- [pdf] [supp] [arXiv]
Revisiting Token Pruning for Object Detection and Instance Segmentation
Vision Transformers (ViTs) have shown impressive performance in computer vision, but their high computational cost, quadratic in the number of tokens, limits their adoption in computation-constrained applications. However, this large number of tokens may not be necessary, as not all tokens are equally important. In this paper, we investigate token pruning to accelerate inference for object detection and instance segmentation, extending prior works from image classification. Through extensive experiments, we offer four insights for dense tasks: (i) tokens should not be completely pruned and discarded, but rather preserved in the feature maps for later use. (ii) reactivating previously pruned tokens can further enhance model performance. (iii) a dynamic pruning rate based on images is better than a fixed pruning rate. (iv) a lightweight, 2-layer MLP can effectively prune tokens, achieving accuracy comparable with complex gating networks with a simpler design.

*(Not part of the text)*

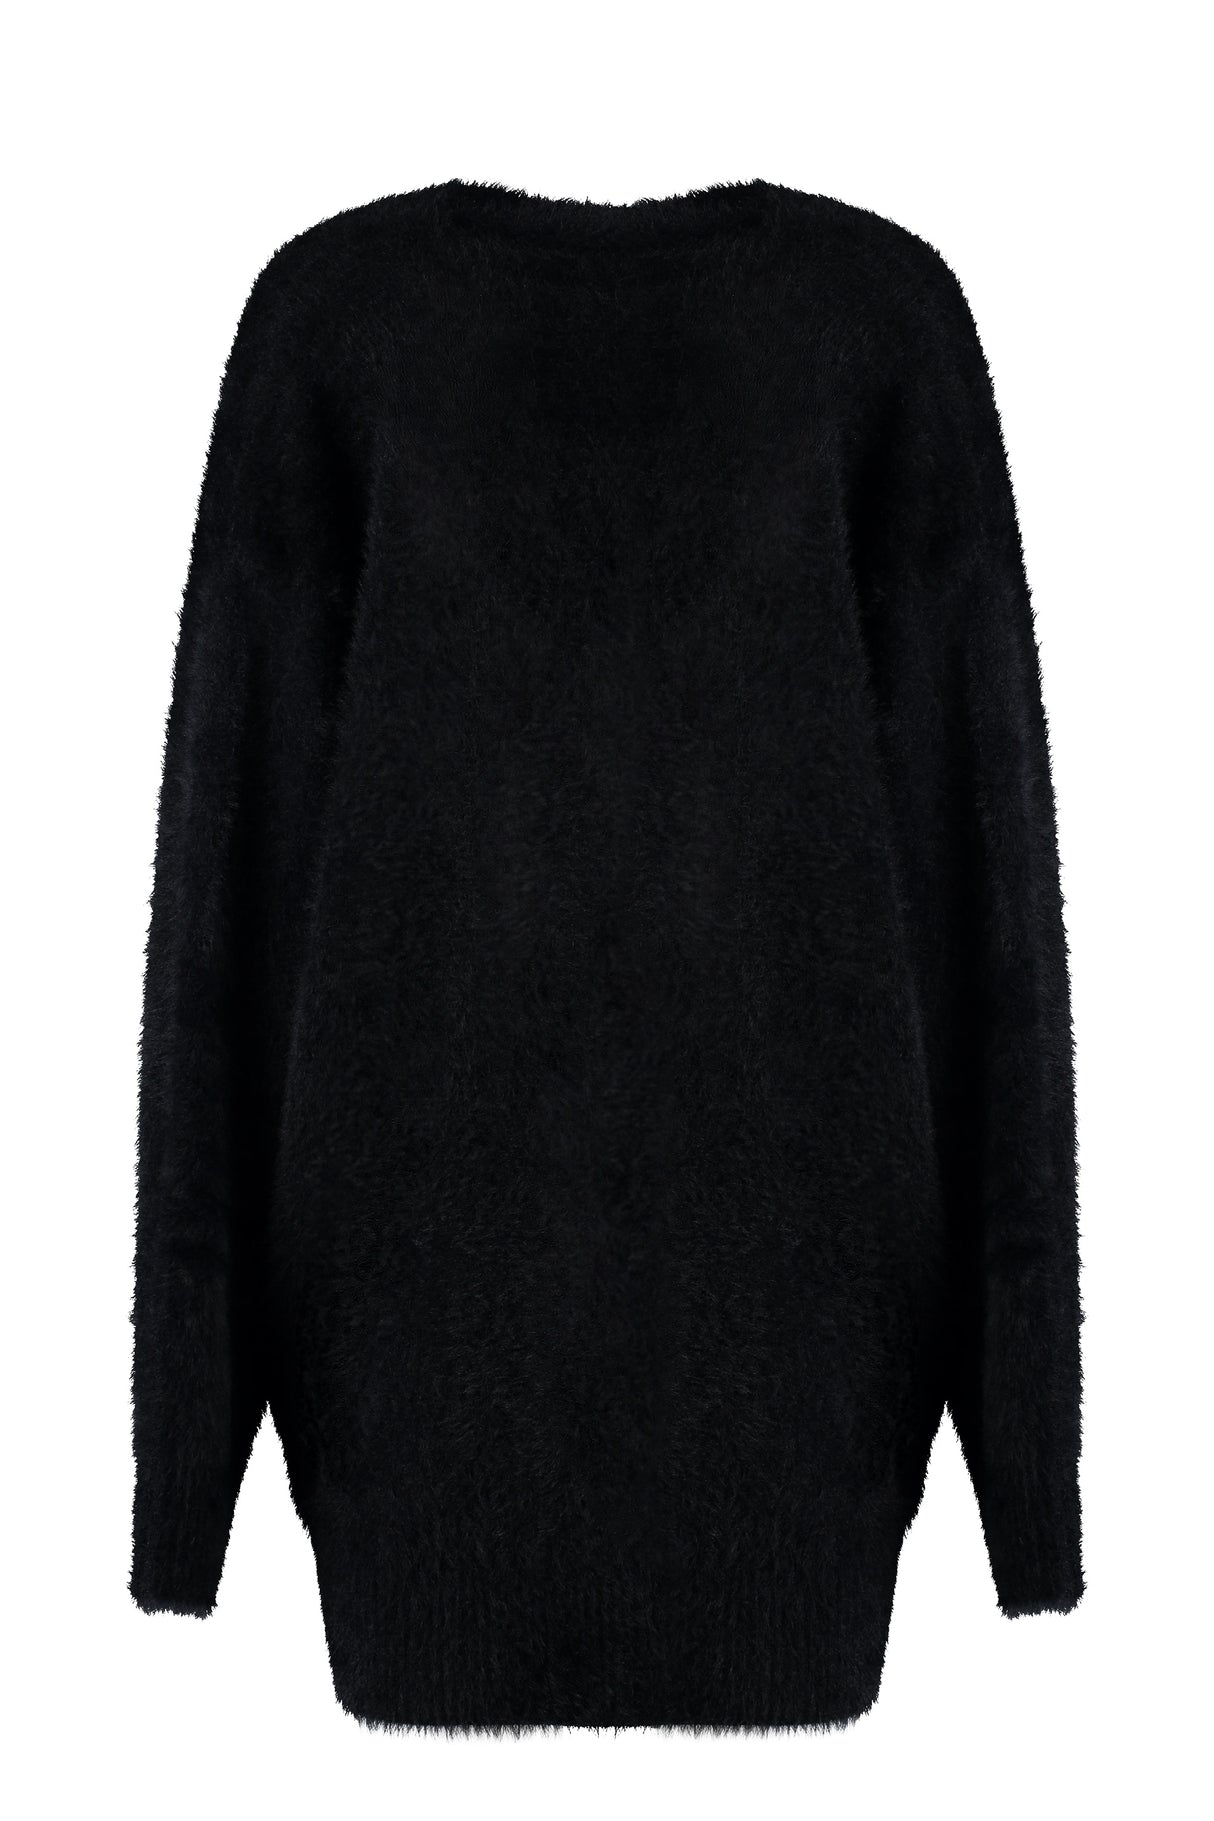 PHILOSOPHY DI LORENZO SERAFINI Black Embellished Button Maxi-Cardigan - Oversized Knitwear for Women - FW23

We assess the effects of these design decisions on the COCO dataset and introduce an approach that incorporates these findings, showing a reduction in performance decline from 1.5 mAP to 0.3 mAP in both boxes and masks, compared to existing token pruning methods. In relation to the dense counterpart that utilizes all tokens, our method realizes an increase in inference speed, achieving up to 34% faster performance for the entire network and 46% for the backbone. Code will be publicly available.